Degree Course Characteristics

Aplikovane ms metody Ing 02 The Continuation Master Course in Applied Mathematical Stochastic Methods lays stress on mathematical stochastic methods and their practical applications. It is oriented towards building up an advanced theoretical apparatus of mathematical statistics and other fields of mathematics and towards analysing practical issues the solution of which enables effective application of the theory studied. Students are also trained to apply mathematical statisctics and mathematics to natural sciences or engineering and commercial practice.

The programme is a follow-up to the Bachelor´s Degree Course.
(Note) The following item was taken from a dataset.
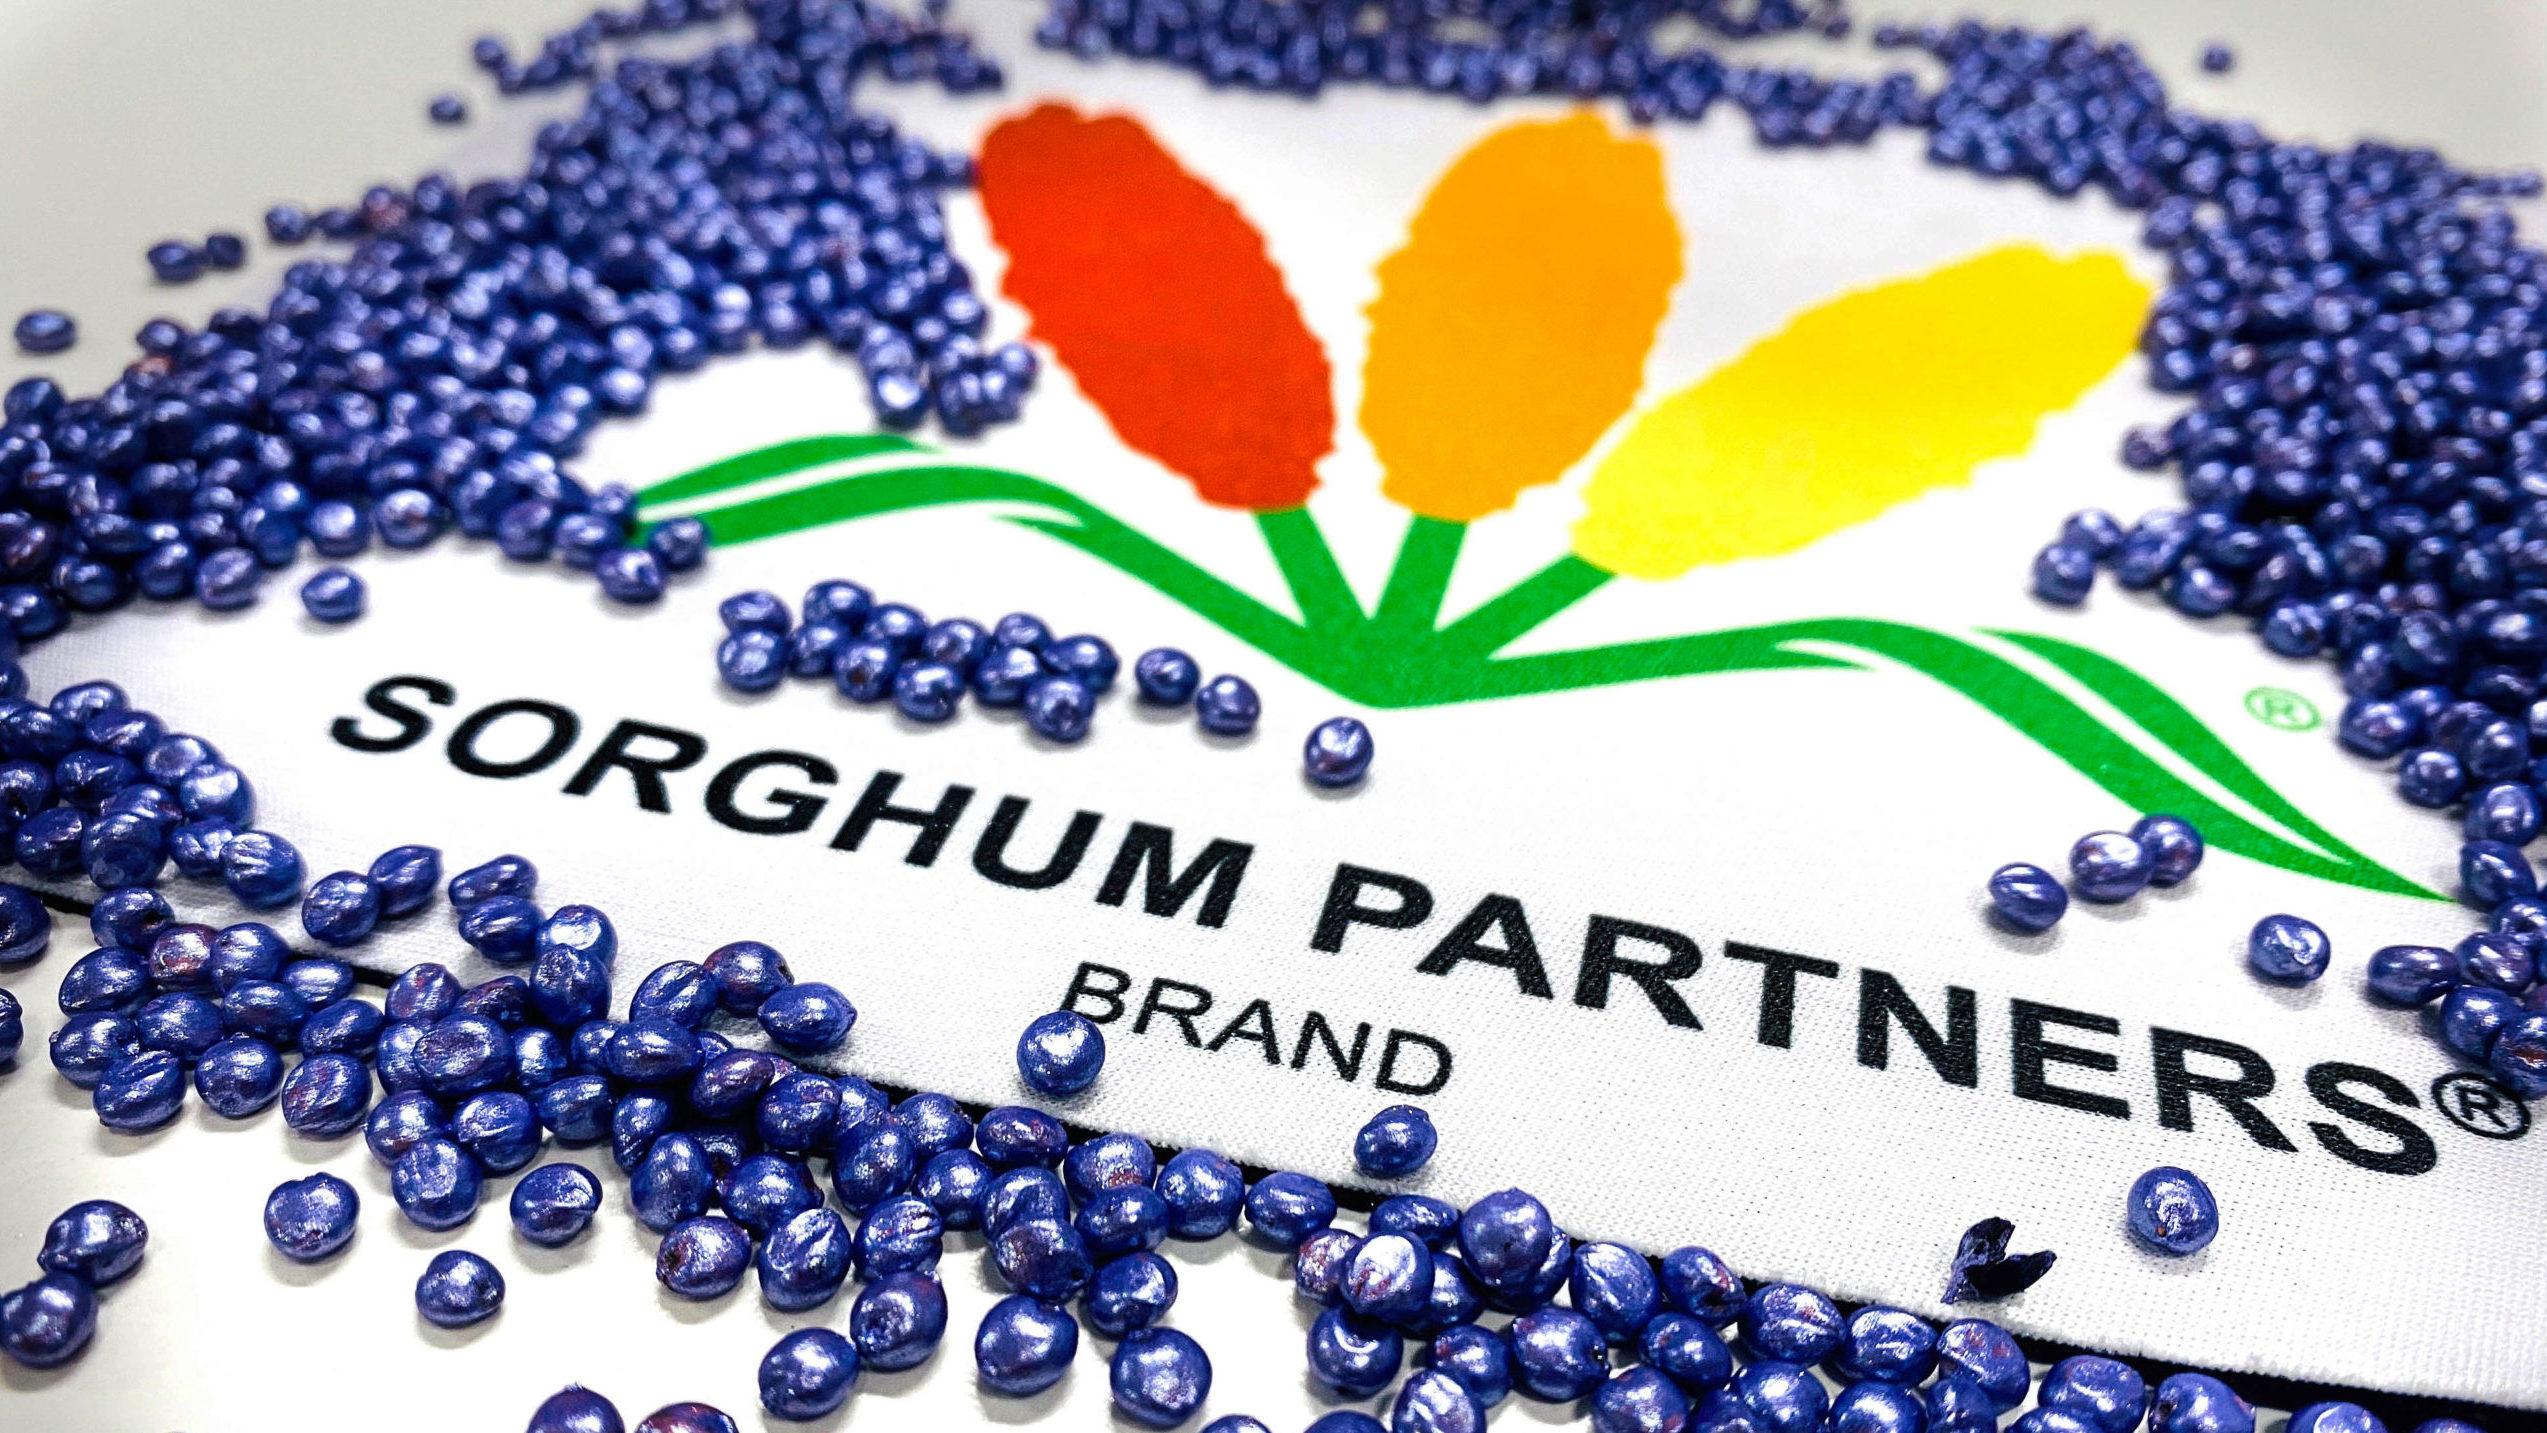 Sorghum seed treatment

The master programme covers courses on the theory of informatics, regression analysis, generalized linear models, and in specialized disciplines of mathematics and statistics. The theory taught is only a background to practical issues to be solved by effective application of the theory. In practice, the mathematical apparatus designed is to be used for processing and evaluating general statistical data, estimating statistical characteristics based on sampling, and also applied to advanced methods of interactions in particle systems, statistical prediction of defects in materials, control and modelling of traffic flow, and evaluation methodology for statistical data on reliability and extreme events, and data from particle accelerators. The courses provide a deeper insight into the areas concerned and, therefore, will provide a sufficient overview of the present state of the issues.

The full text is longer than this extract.